# University of Michigan Math and Science Scholars

Mathematical Modeling in Biology

Mathematical biology is an exciting interdisciplinary field that combines applied mathematics, scientific computing, biology, ecology, physiology and medicine. This branch of mathematics is growing with phenomenal speed! For the mathematician, biology opens up new and exciting areas of study, while for the biologist, mathematical and computational modeling offers another powerful research tool that can provide insight into the complexity of a biological system. Mathematical biologists typically investigate problems in diverse and exciting areas such as the topology of DNA, cell physiology, the study and spread of infectious diseases, population ecology, neuroscience, tumor growth and treatment strategies, and organ development and embryology. This course will be a venture into the field of mathematical modeling in biology and the biomedical sciences using techniques from calculus, dynamical systems and scientific computing.
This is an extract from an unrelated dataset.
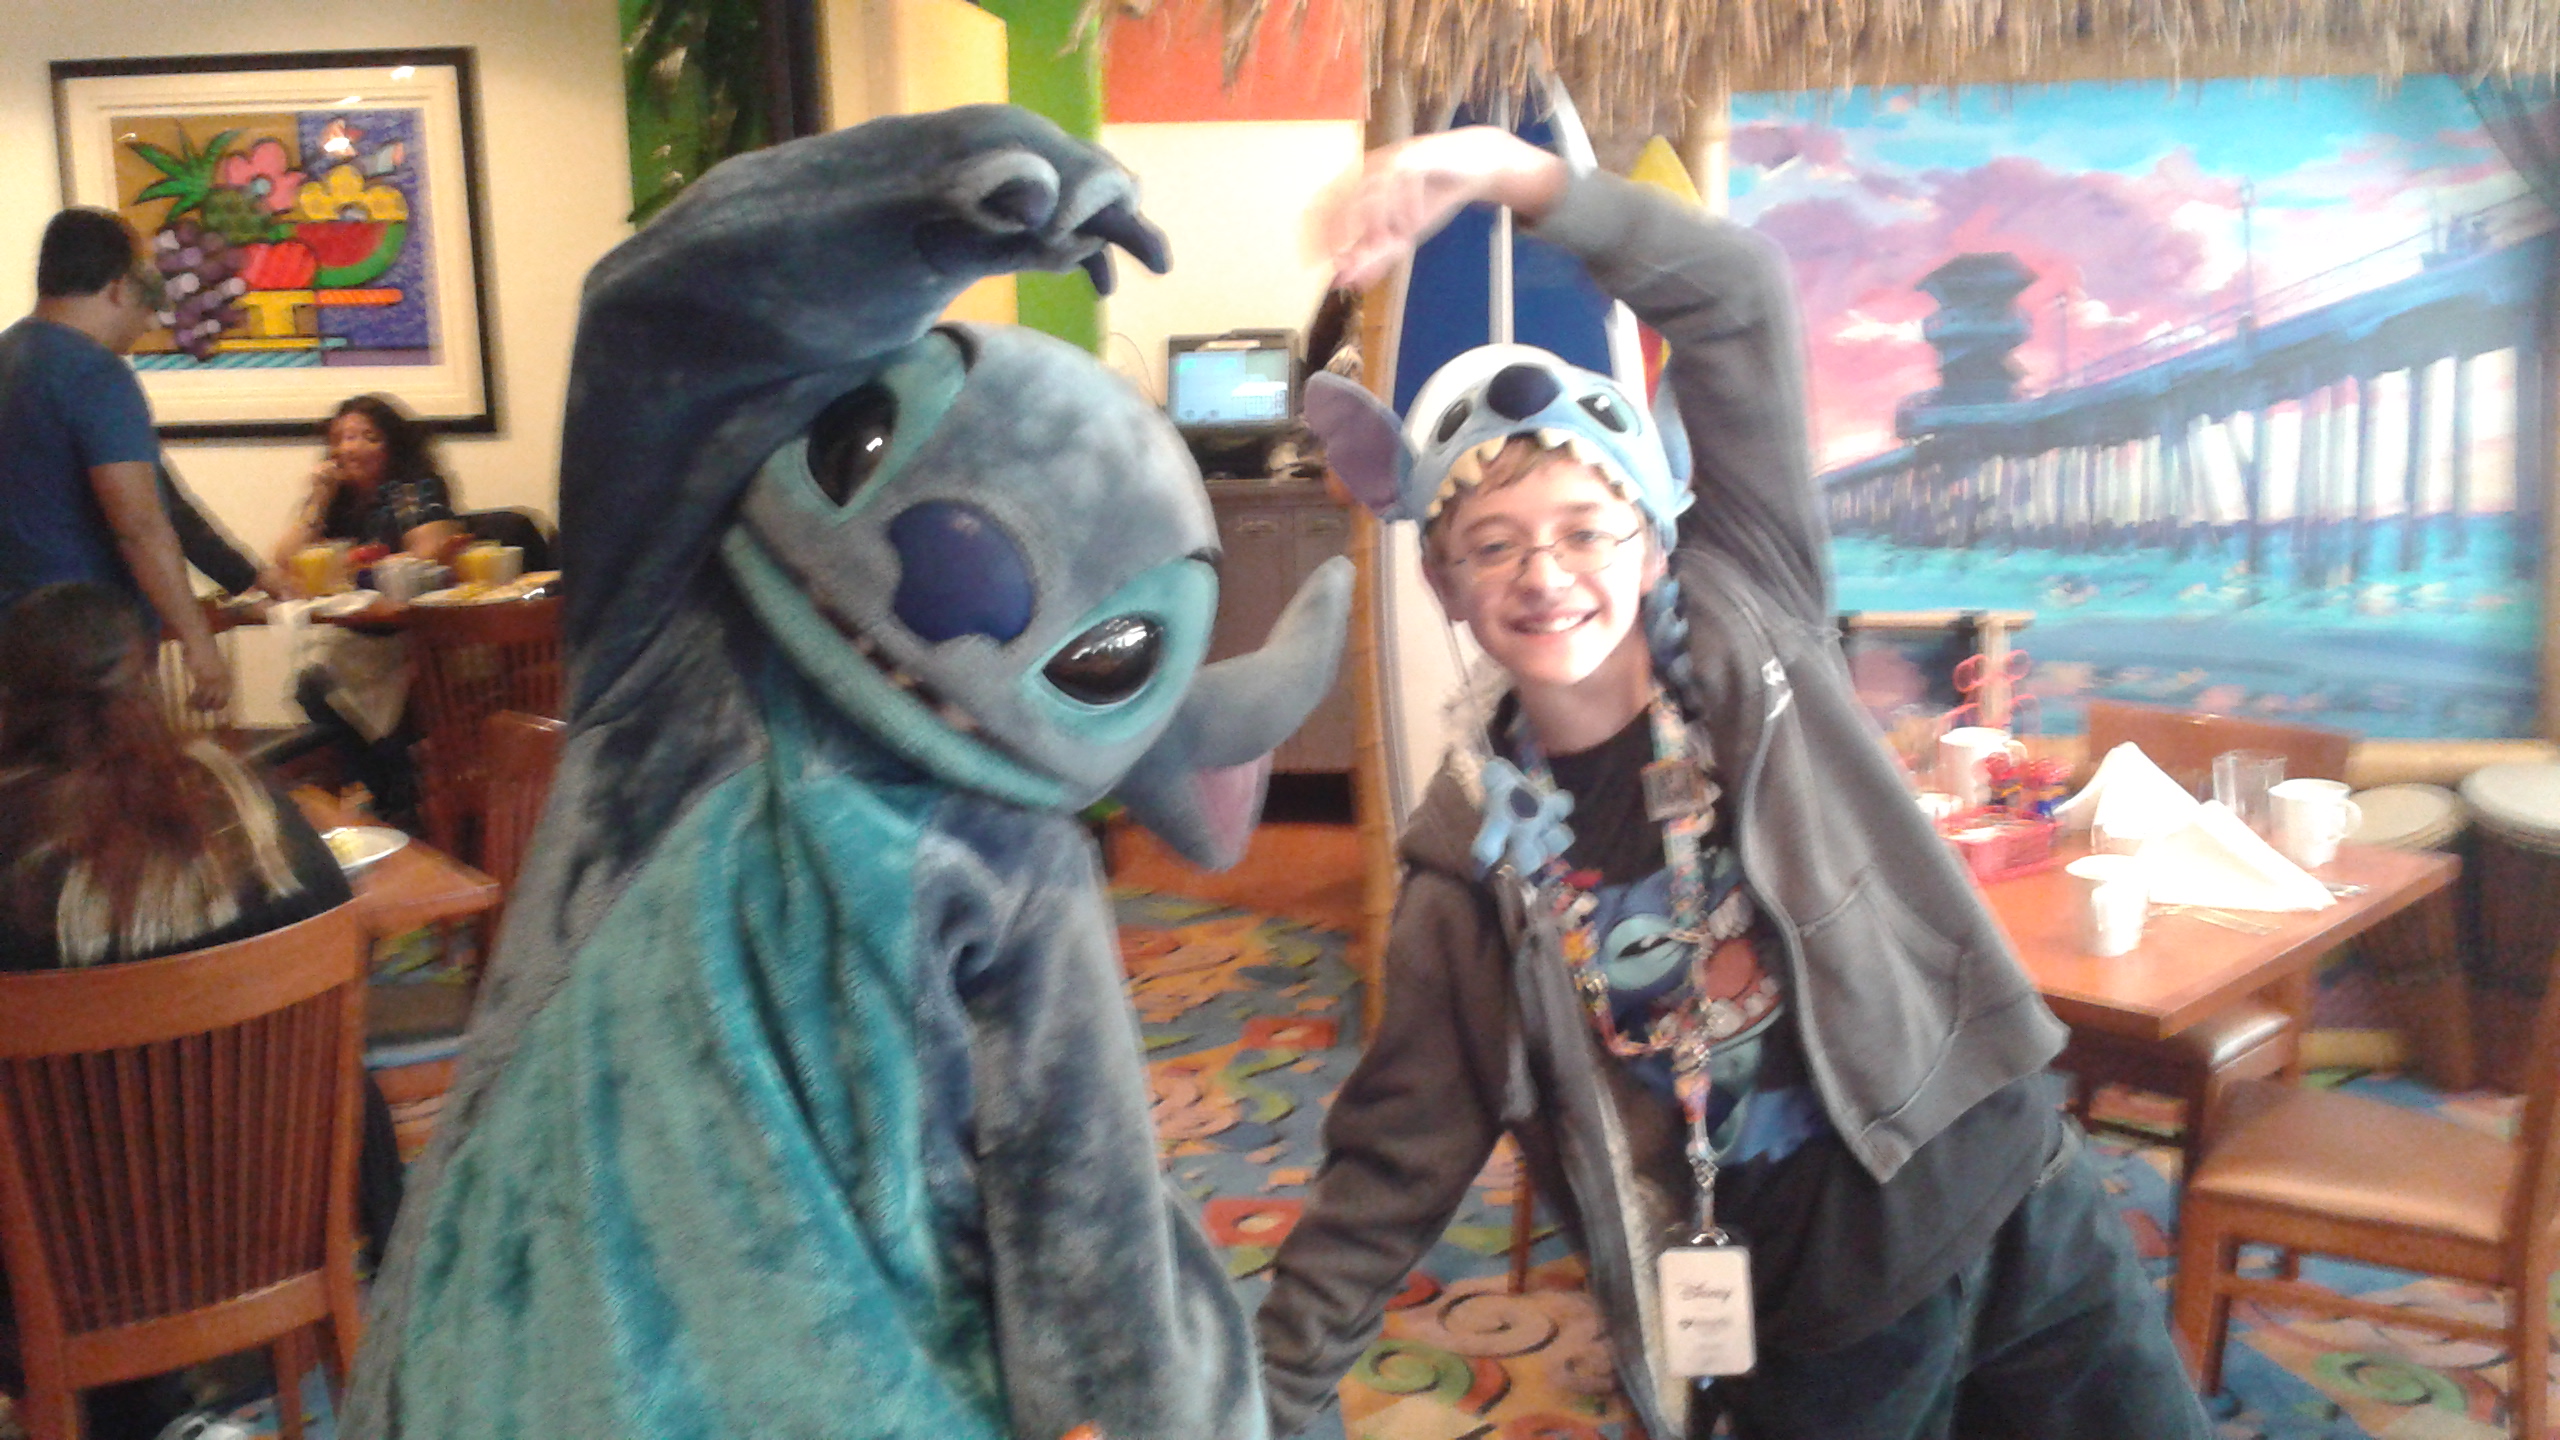 Meeting Stitch at the Mickey and Friends Surf’s Up Breakfast at the Disneyland Resort

Interactive lectures, group projects, computer demonstrations, and guest speakers will help introduce some of the fundamentals of mathematical modeling and its usefulness in biology, physiology and medicine. For example, the cell division cycle is a sequence of regulated events which describes the passage of a single cell from birth to division. There is an elaborate cascade of molecular interactions that function as the mitotic clock and ensures that the sequential changes that take place in a dividing cell take place on schedule. What happens when the mitotic clock speeds up or simply stops ticking? These kinds of malfunctions can lead to cancer and mathematical modeling can help predict under what conditions a small population of cells with a compromised mitotic clock can result in a fully developed tumor. Students who can speak the languages of mathematics and computation along with biology and medicine will be able to solve some of the most challenging problems of the 21st century. Wouldn’t it be amazing if mathematics could guide future experiments that lead to a cure AIDS or Cancer?